Caitlin Moran’s recent book What About Men has been criticised for its thesis that men do not meaningfully talk about their feelings, and that male bonding is not reflected in wider popular culture. A good place to look to contradict this would be the rock reunion show – male friendship reaching its highest salvation. These four men who came together in their teens were visibly moved by being bound together once again in their fifties. “I didn’t know it was going to be like this,” Albarn said, showing some of the same emotion present when he sobbed on stage at Glastonbury during their 2009 appearance. You might have needed the giant Wembley LED screens to detect the grin that flashed across the guitarist Graham Coxon’s face whenever he lifted his head up towards Albarn, but it was there. The bassist Alex James, smoking a cigarette, was a floppy monument to the Nineties’ most nightmarish frivolity, from Groucho Club benders to the Chipping Norton set via a bucket of vindaloo.

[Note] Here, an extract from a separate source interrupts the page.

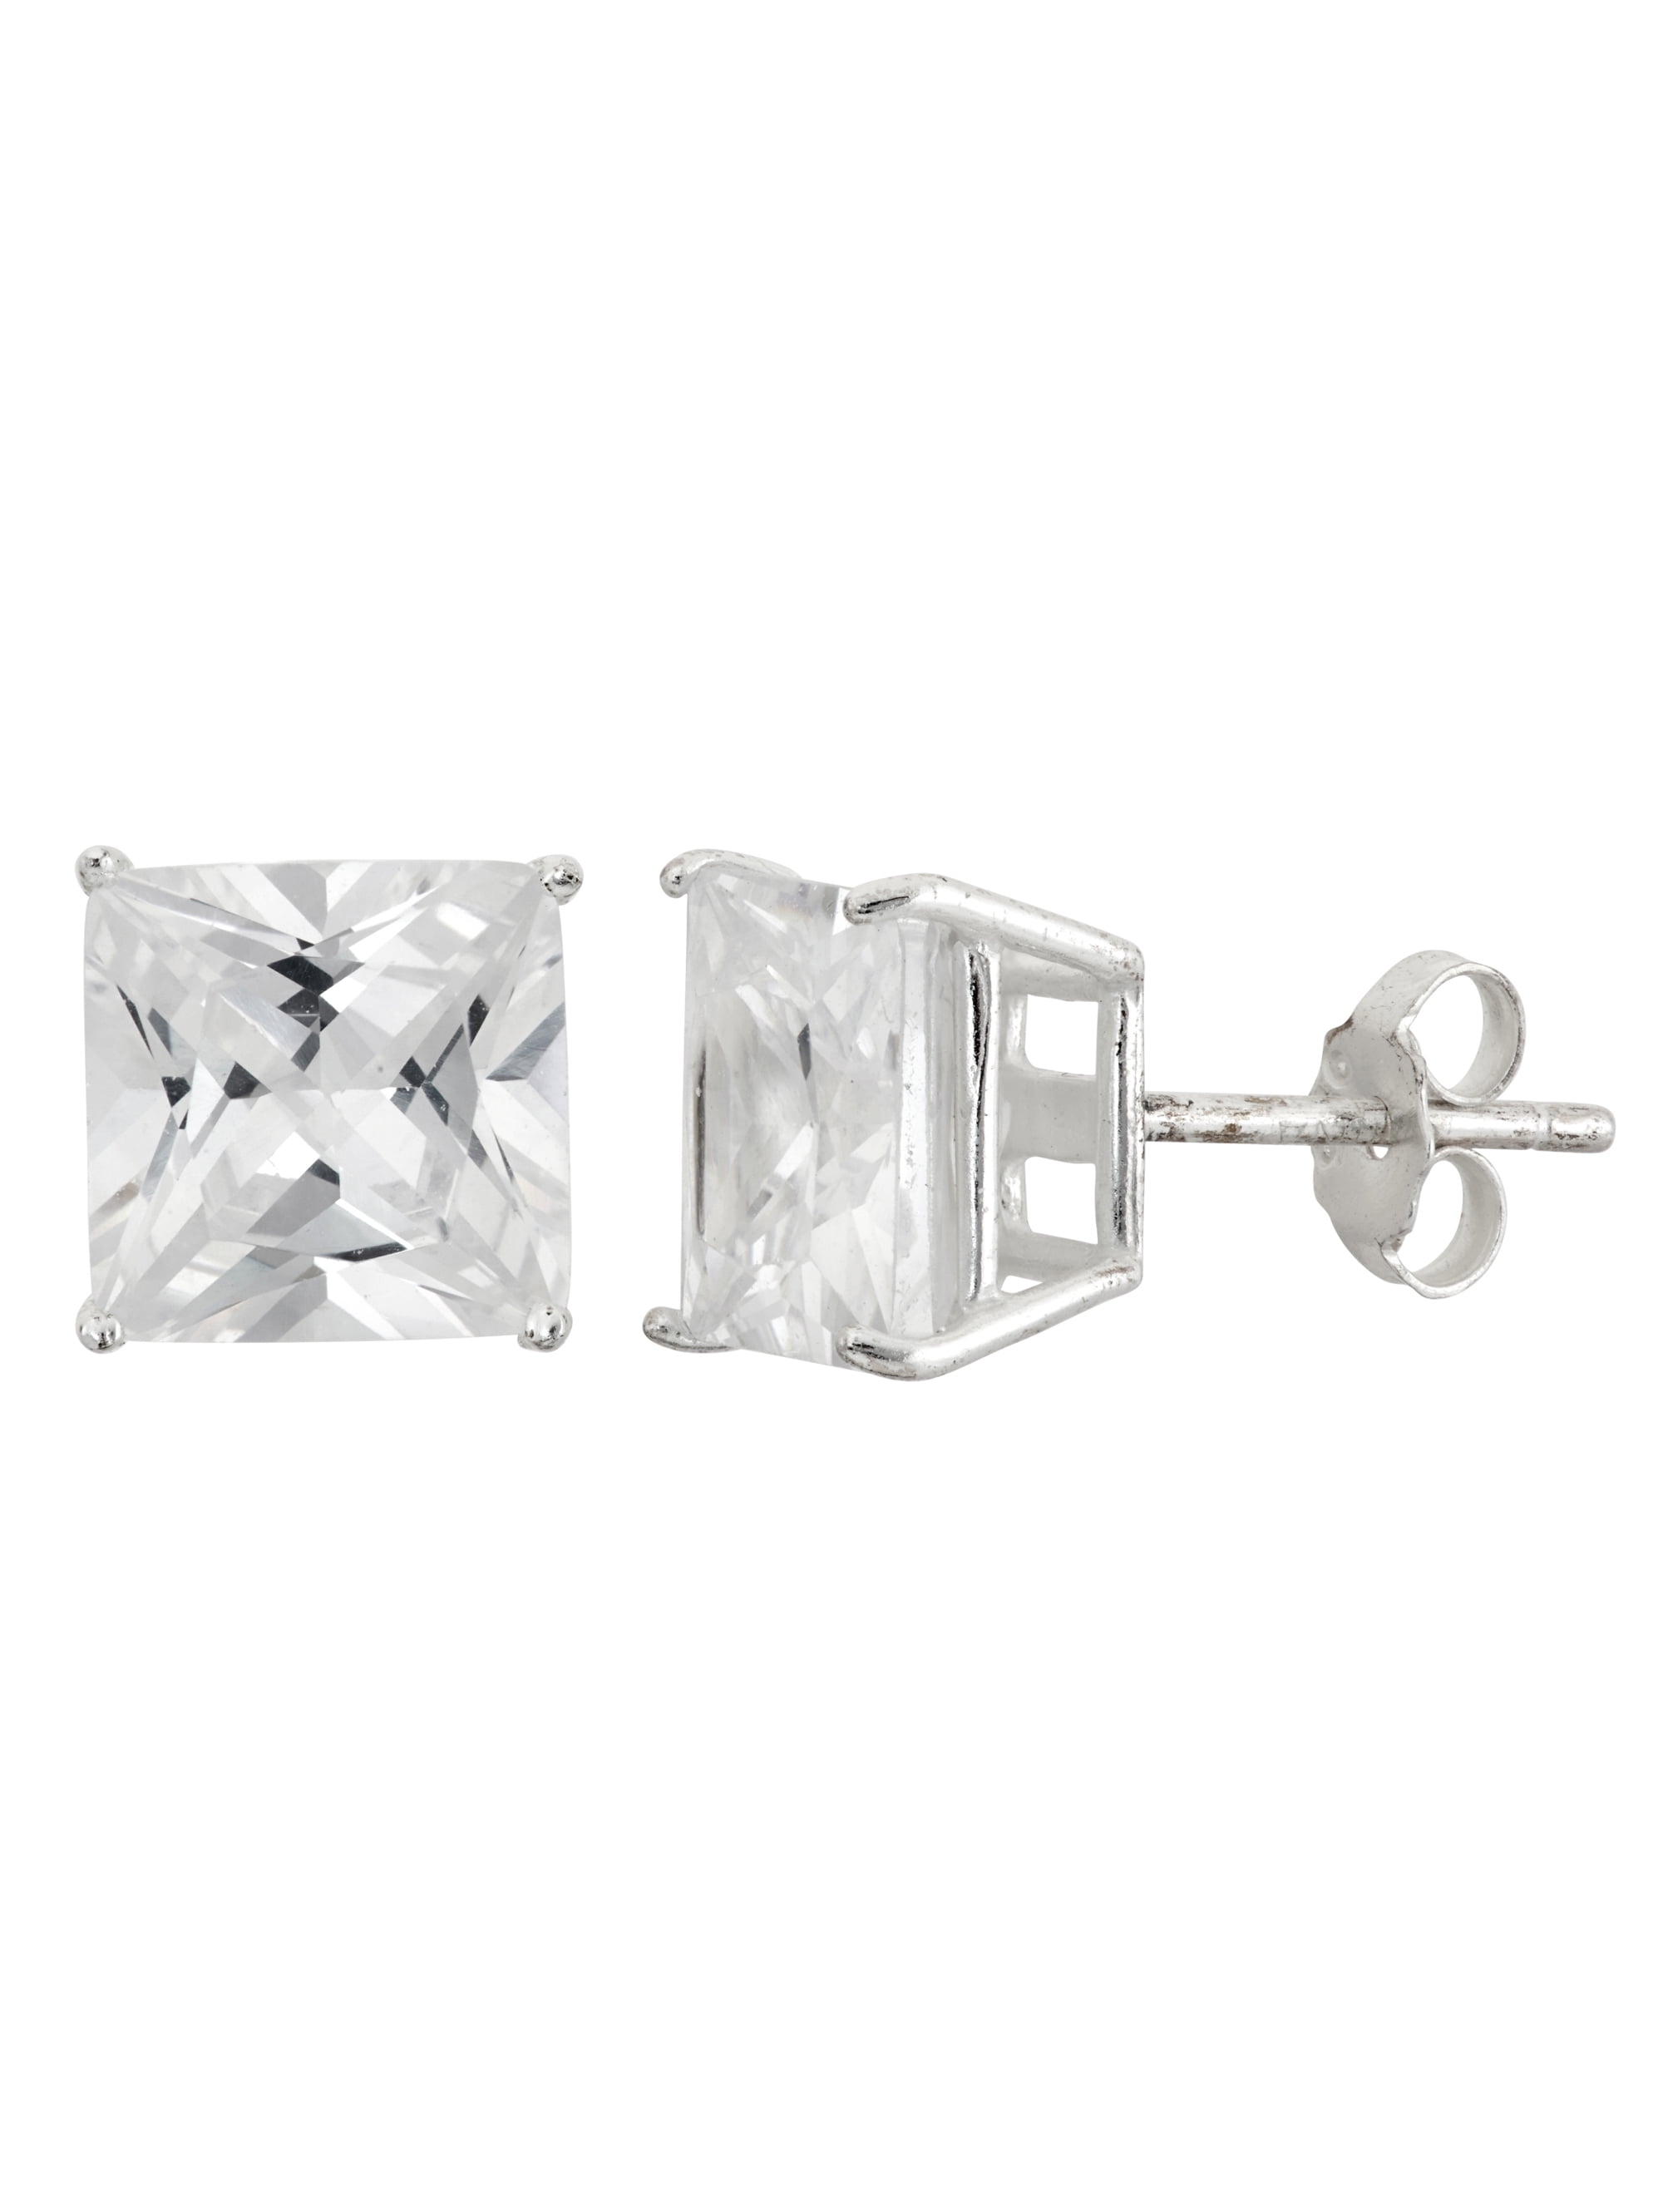 Forever New - White CZ Sterling Silver 8mm Square Stud Earrings

It might be lairy mateyness that Albarn reserves for the Blur project, but the band’s best material has always relied on his gifted line in melancholia. It runs through the numb solipsism of “Beetlebum”, aired early, and in the groggy and redemptive “This Is a Low”, the band’s most successful fusion of the national and personal. There’s an angelic quality to Albarn’s voice here, now oak-aged, quite apart from his mockney chant. “Tender”, which cribs its main hook from the F Scott Fitzgerald novel, undercuts its secular hymn foundations with a powerful and magnetic neediness: “Let It Be” getting dumped on a bad comedown. What moved me, though, was “Under the Westway”. A song I had forgotten, it is Blur’s last top 40 single, released as a one-off download to coincide loosely with the 2012 London Olympics. No seaside postcard of Albion, it’s grounded in the actuality of Albarn’s London as he sees it – the Westway towering over a city “where the money always comes first”. It’s Ray Davies on his way back from church.

In a summer of multiple Britpop reunions, “the Long Nineties” have felt longer than usual this year. Britpop is endlessly lived out in documentaries, films, memoirs and broadsheet Sunday supplement features, reflective of how many prominent TV, radio and journalist figures had their careers minted in that moment. But unlike, say, punk or rave or skiffle, you could tweezer the whole movement out of British pop culture and almost nothing would change. The British music from the 1990s that continues to shape 2020s music is jungle and drum and bass, or the work of electronic auteurs such as Tricky, Goldie or Aphex Twin. The strange death of Britpop England was marked by its lack of lasting influence.

Do the nostalgic guitar sounds of the mid 1990s have much resonance in 2023? Let’s take down the bunting, put away the Union Jack guitar, and let future generations decide if there’s anything they want to take from those years of British pop culture on their own terms. And why not? Based on tonight – where the surprising endurance of four teenagers is played out on England’s biggest stage – it really, really, really could happen.